Attempts to improve the performance of programs have been ongoing for decades. Operating systems base a large percentage of their technology on the capability to allow several programs to run simultaneously in the best possible way. From the point of view of computer architecture, techniques to speed up access to the different types of memories, to improve pipelining, the execution of instructions that can actuate on a set of (vector) data, etc, have been incorporated.
There has been a revolution in the field of computer processors in recent years. The tendency is to stop increasing the frequency of the processors and to focus on the calculation capabilities, taking the number of cores in the processor as the scaling factor. These technologies were only available in special processors years ago, but they are currently easily accessible in the market for computers, graphics cards and even cell phones.

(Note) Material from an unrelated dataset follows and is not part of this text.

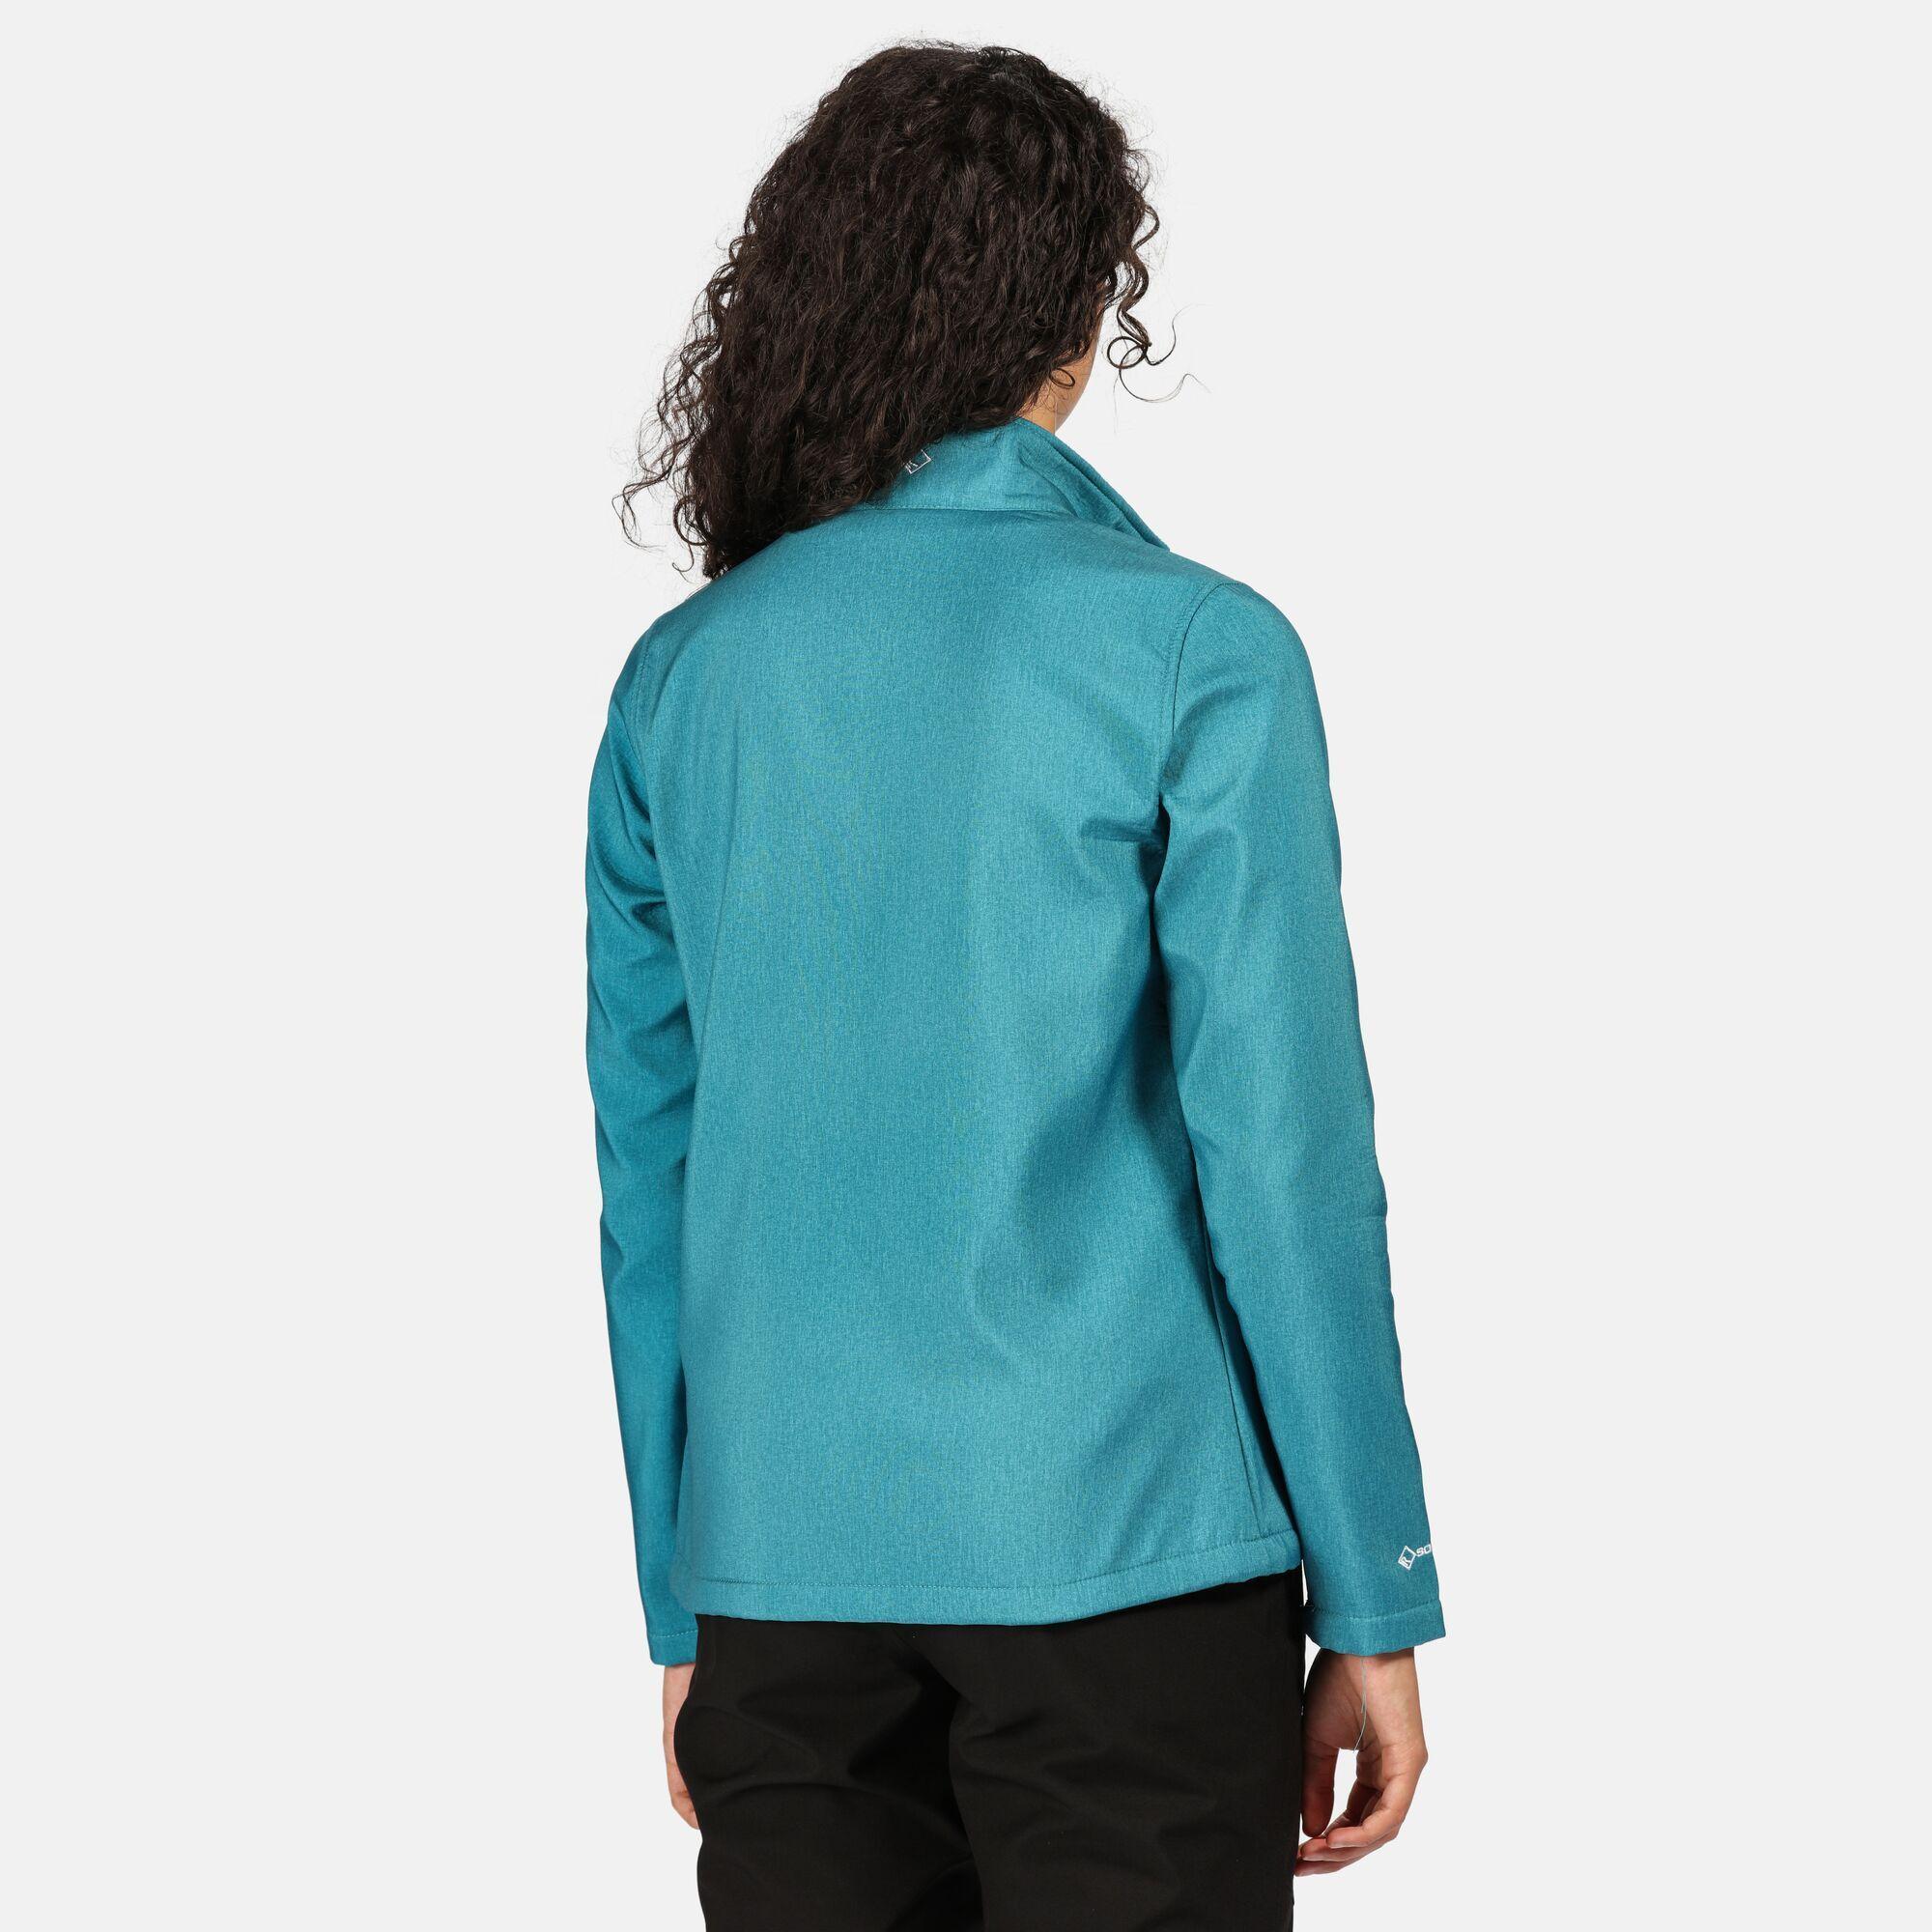 Regatta Womens/Ladies Connie IV Soft Shell Jacket (Sea Blue)

There are some parallels on some levels, in the sense that the evolution in hardware has gone hand in hand with the evolution in software to benefit from it. In recent years there has also been a revolution in the technologies that implement parallelism in applications. Historically, parallelism was achieved by using specific libraries that served to create a ‘virtual parallel unit’ by means of communication libraries for parallelism based on message transfers. The standard technology that was used in practice for this purpose is Message Passing Interface (MPI). This technology is very widespread in calculation centres and computer clusters in scientific and technological circles of companies and universities. With the dawn of multi-core processors, where memory is shared between the cores, the technology used to obtain parallelism has extended to that market too, and new programming environments or libraries that exploit this new capacity have appeared. OpenMP and Intel Threading Building Blocks are examples of this type of technology.

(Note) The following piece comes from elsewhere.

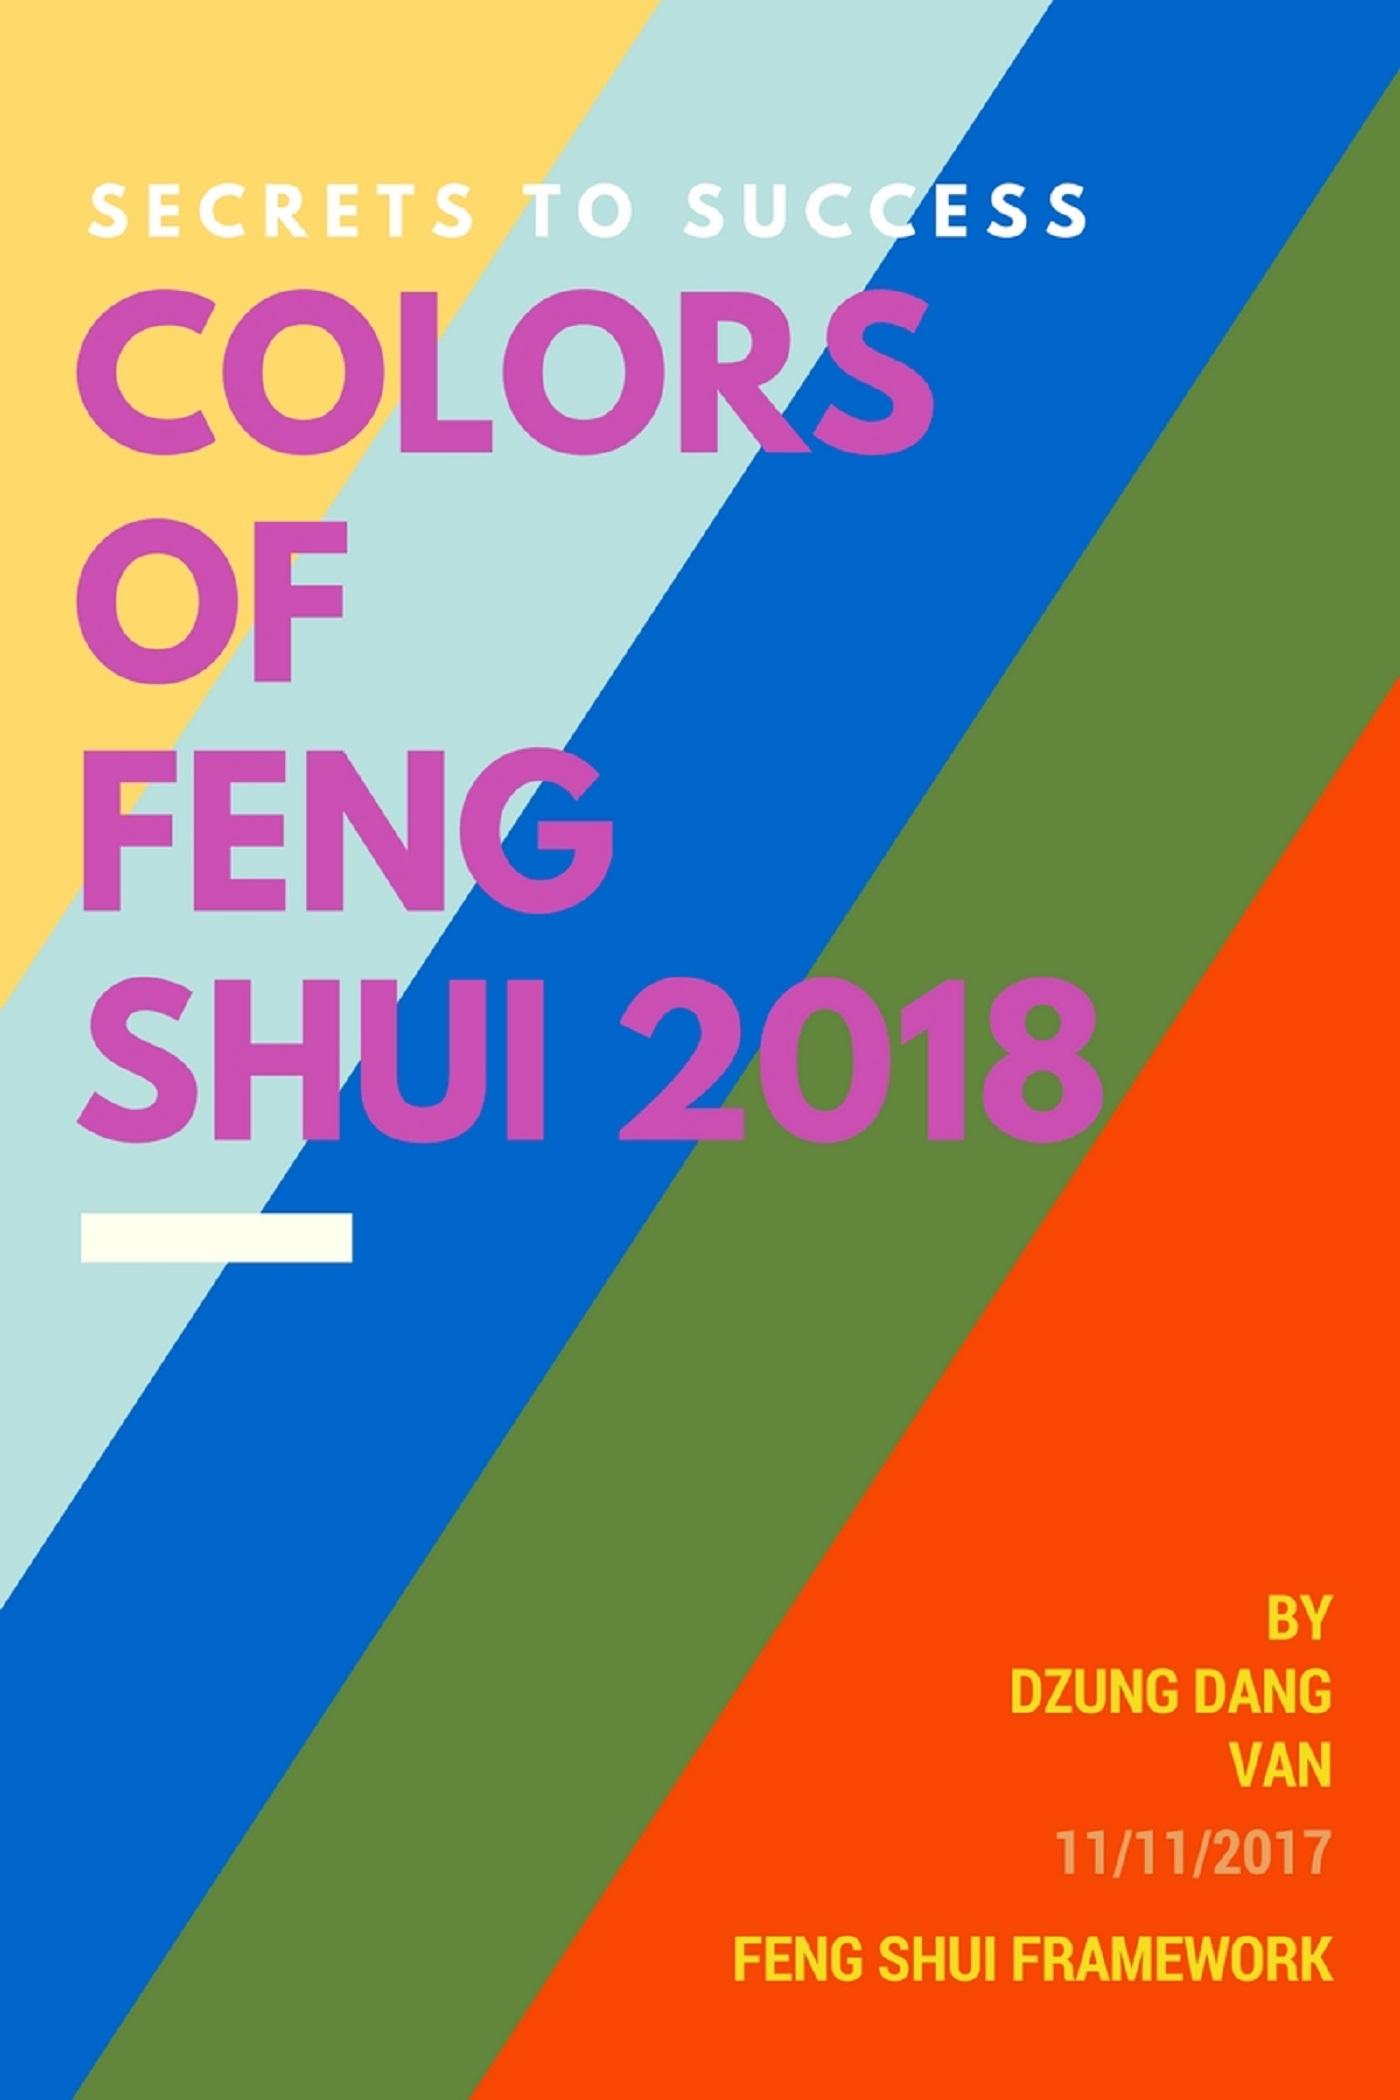 Smashwords secrets to success colors of feng shui 2018 Colores feng shui 2016

There is a tendency to mix this kind of technology with MPI to obtain parallelism in applications, both at the level of the multi-core processors where they are run and as regards the parallel execution of the application within a computer cluster. Applying these technologies is generally extremely complex, and it depends greatly on the problem to be solved. In the case of EcosimPro, having a large part of the simulation model generated dynamically presents an added challenge. Applying this type of solution to real models that establish a highly-specific and optimised calculation order is therefore very complex.

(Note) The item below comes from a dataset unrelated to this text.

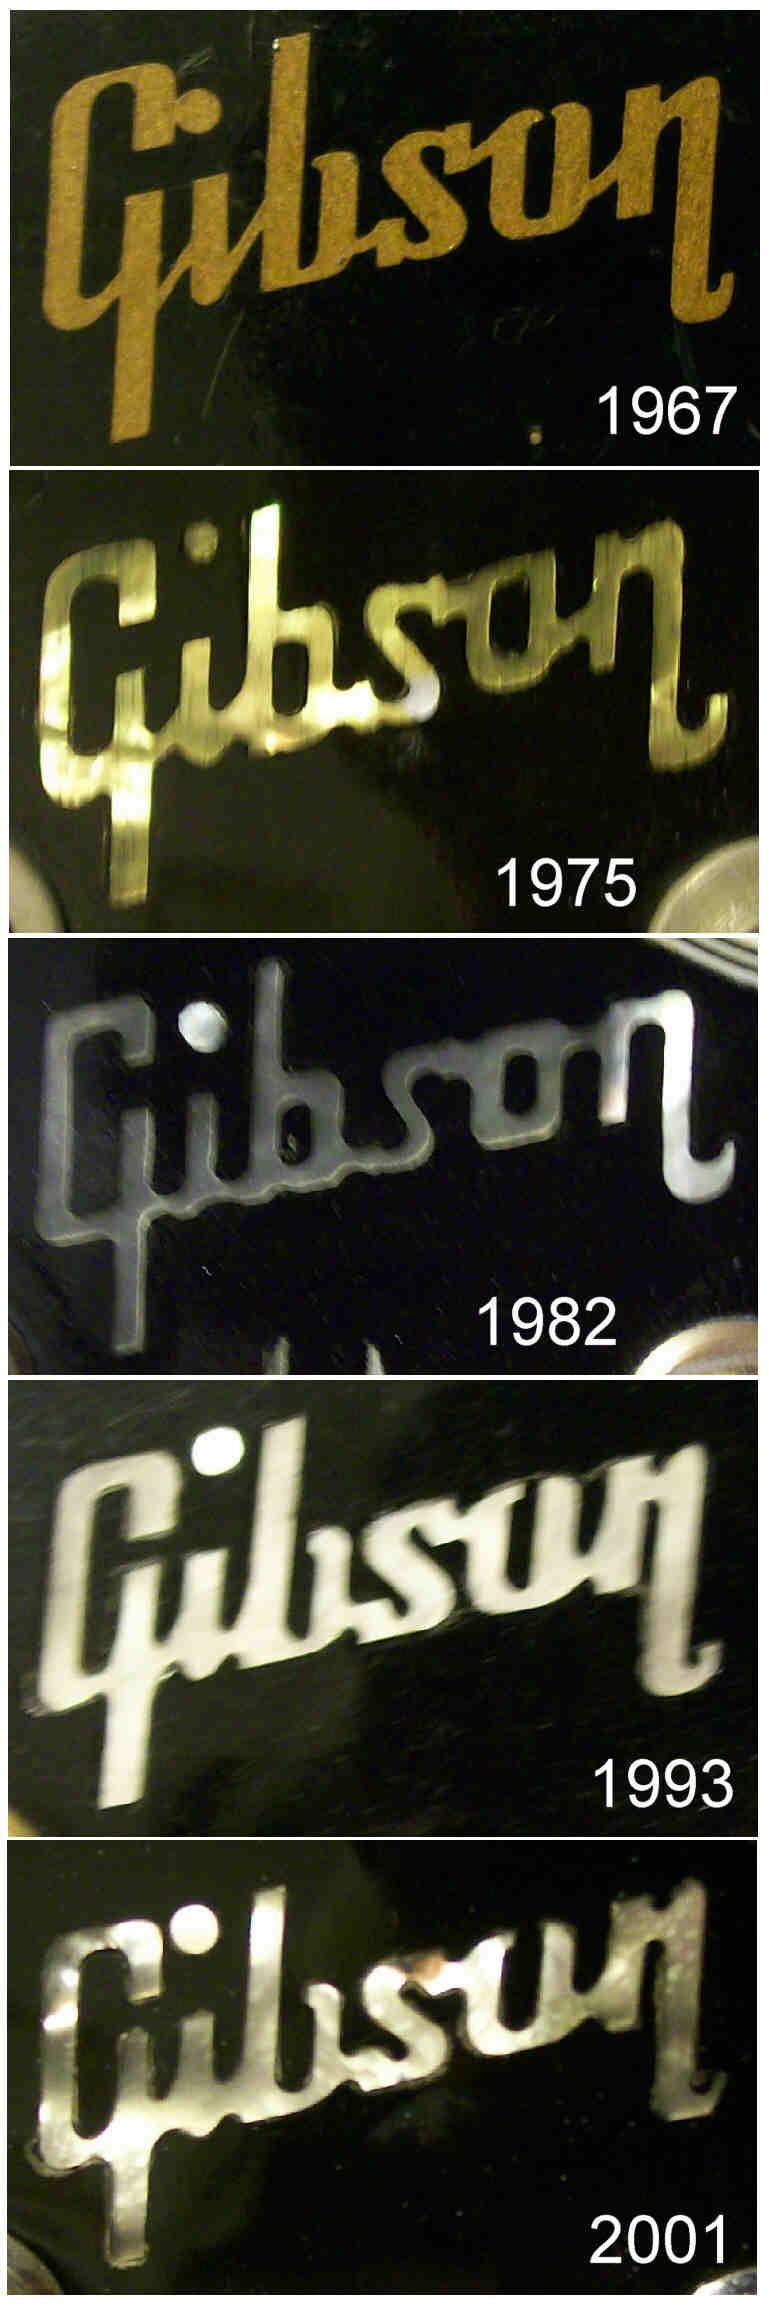 Gibson headstock logo inlays through the years.

The upcoming versions of EcosimPro and PROOSIS will incorporate new capabilities of parallelism technologies, such as the simultaneous execution of simulation cases (e.g. parametric studies), that will greatly reduce calculation times, as well as other techniques to establish as much parallelism as possible between tasks of the same process. Furthermore, the new versions of C/C++/FORTRAN compilers already generate certain tasks in parallel, so the program does not need any more changes and simply changing compiler will improve calculation times.